• Task directions:
Print the data exactly as written, but leave out each picture.

• Source material:

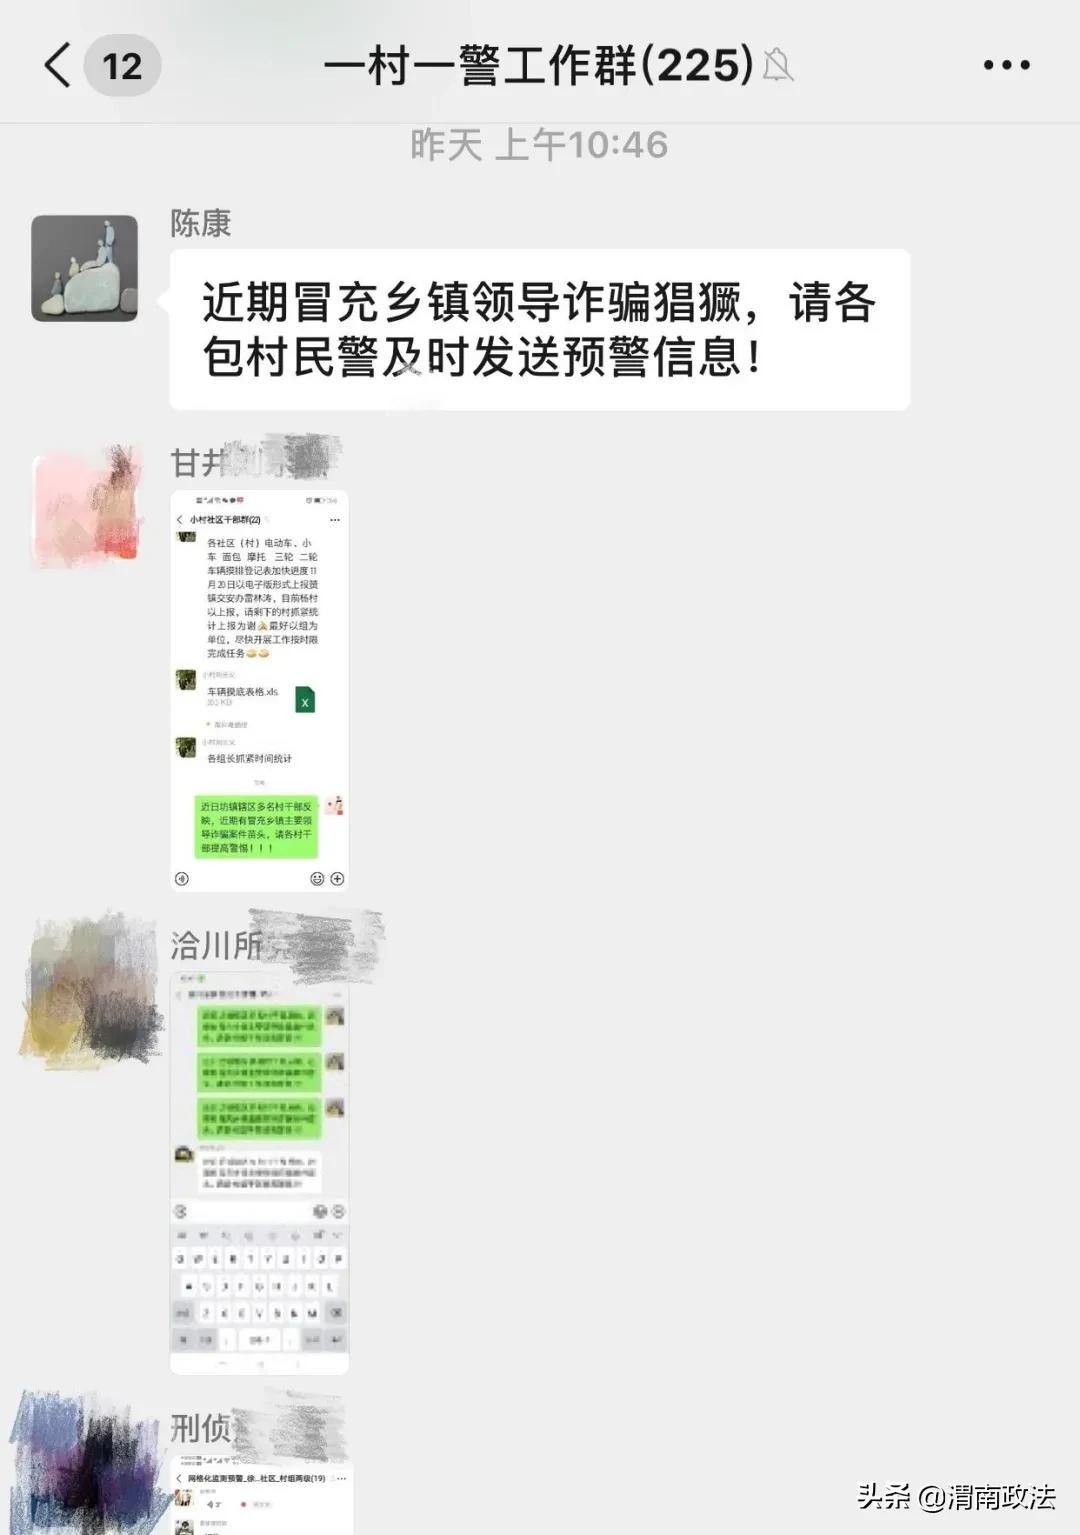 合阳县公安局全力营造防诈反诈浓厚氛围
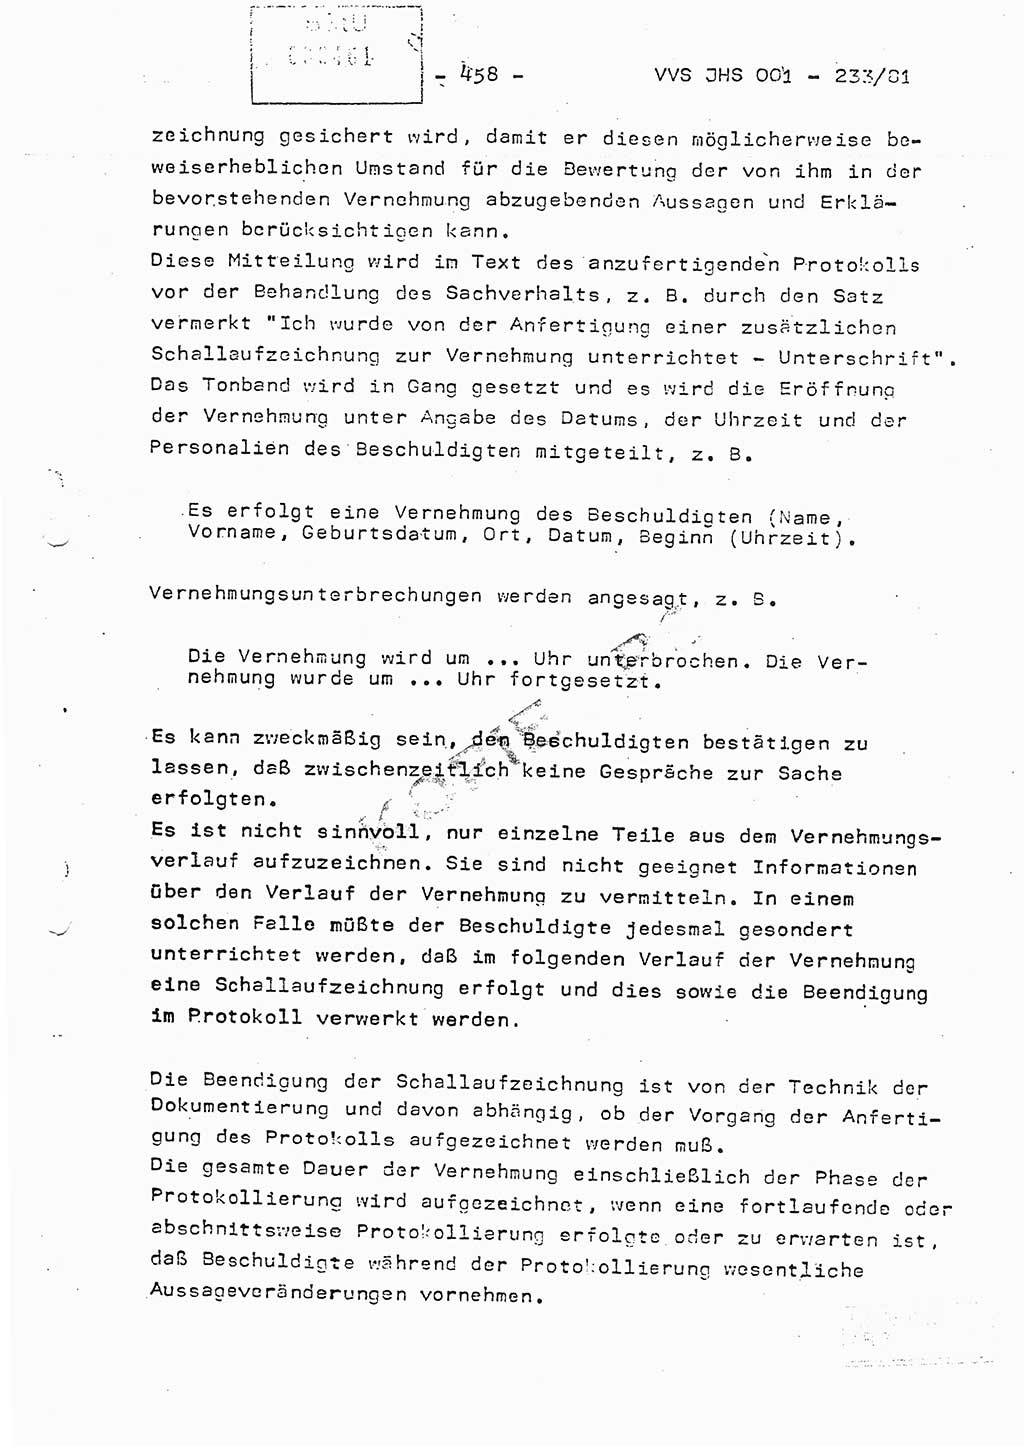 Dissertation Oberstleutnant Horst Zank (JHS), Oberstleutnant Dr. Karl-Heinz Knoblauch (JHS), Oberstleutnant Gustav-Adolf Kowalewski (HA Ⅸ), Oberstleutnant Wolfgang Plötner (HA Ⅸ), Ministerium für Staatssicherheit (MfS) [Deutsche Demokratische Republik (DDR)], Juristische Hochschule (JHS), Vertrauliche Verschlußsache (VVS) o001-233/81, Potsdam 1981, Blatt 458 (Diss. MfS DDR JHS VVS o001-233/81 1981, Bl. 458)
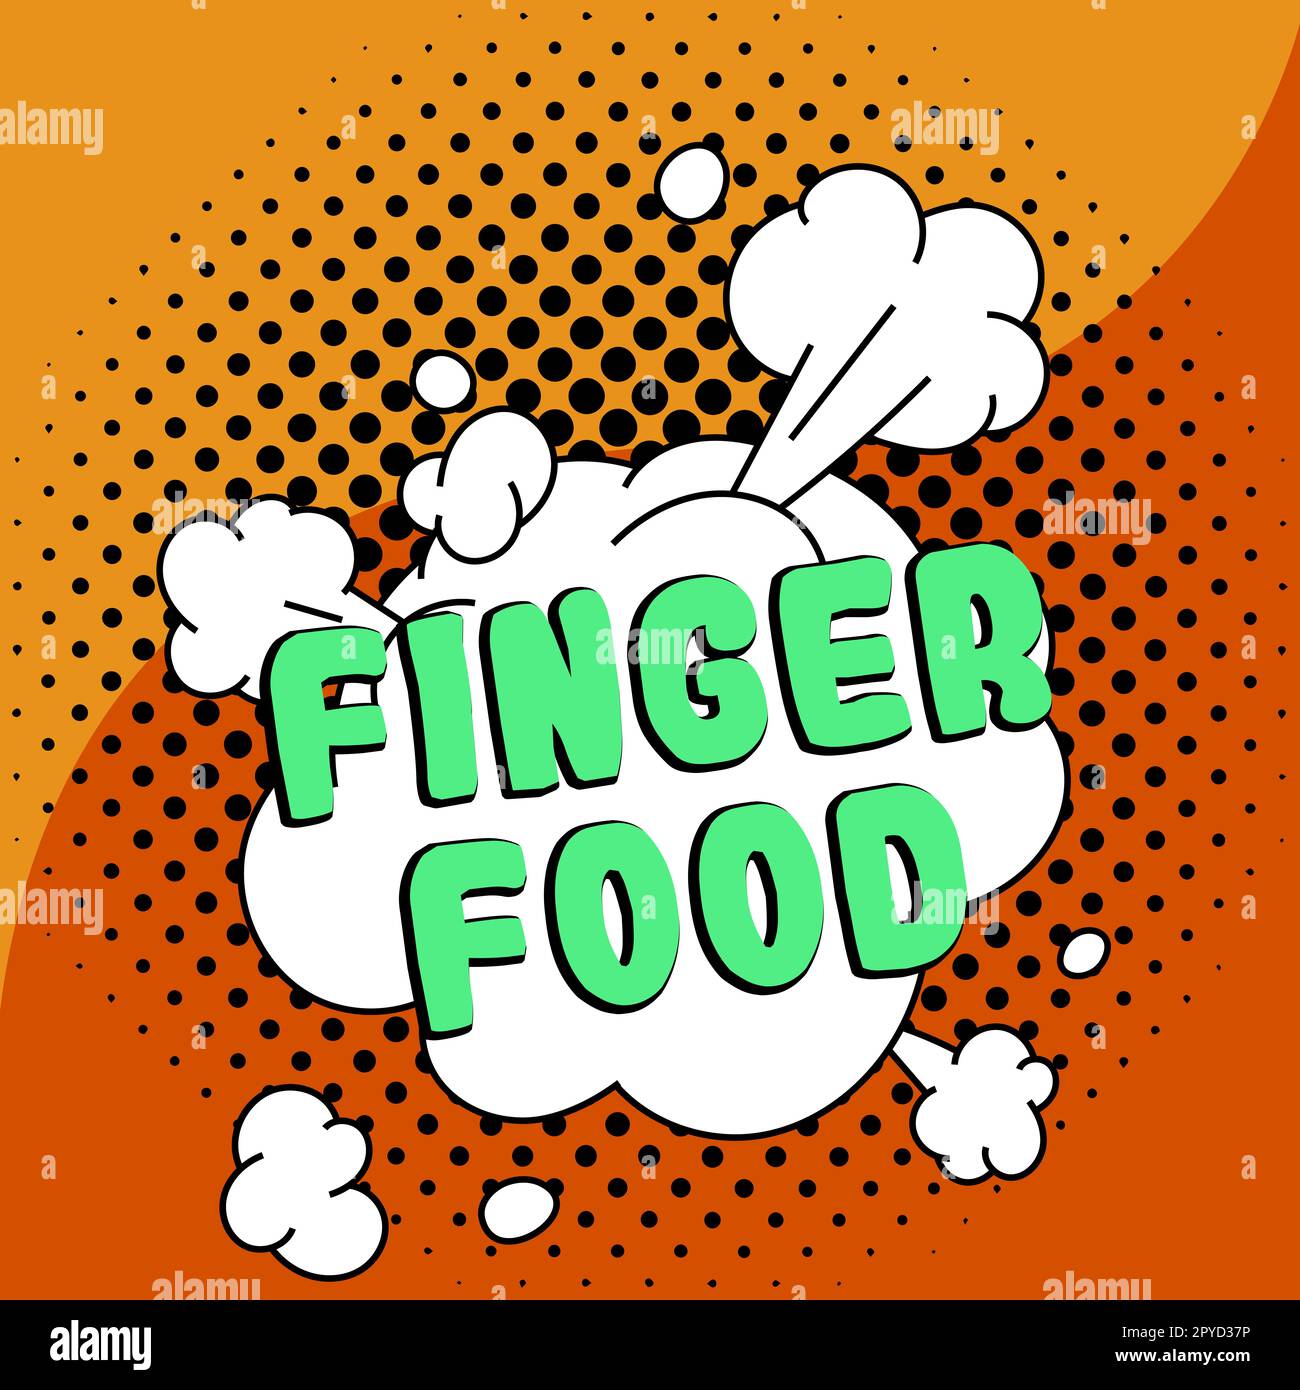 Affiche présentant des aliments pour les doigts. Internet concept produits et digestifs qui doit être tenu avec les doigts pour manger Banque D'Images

• Answer for this exercise:
 合阳县公安局全力营造防诈反诈浓厚氛围
 Dissertation Oberstleutnant Horst Zank (JHS), Oberstleutnant Dr. Karl-Heinz Knoblauch (JHS), Oberstleutnant Gustav-Adolf Kowalewski (HA Ⅸ), Oberstleutnant Wolfgang Plötner (HA Ⅸ), Ministerium für Staatssicherheit (MfS) [Deutsche Demokratische Republik (DDR)], Juristische Hochschule (JHS), Vertrauliche Verschlußsache (VVS) o001-233/81, Potsdam 1981, Blatt 458 (Diss. MfS DDR JHS VVS o001-233/81 1981, Bl. 458)
 Affiche présentant des aliments pour les doigts. Internet concept produits et digestifs qui doit être tenu avec les doigts pour manger Banque D'Images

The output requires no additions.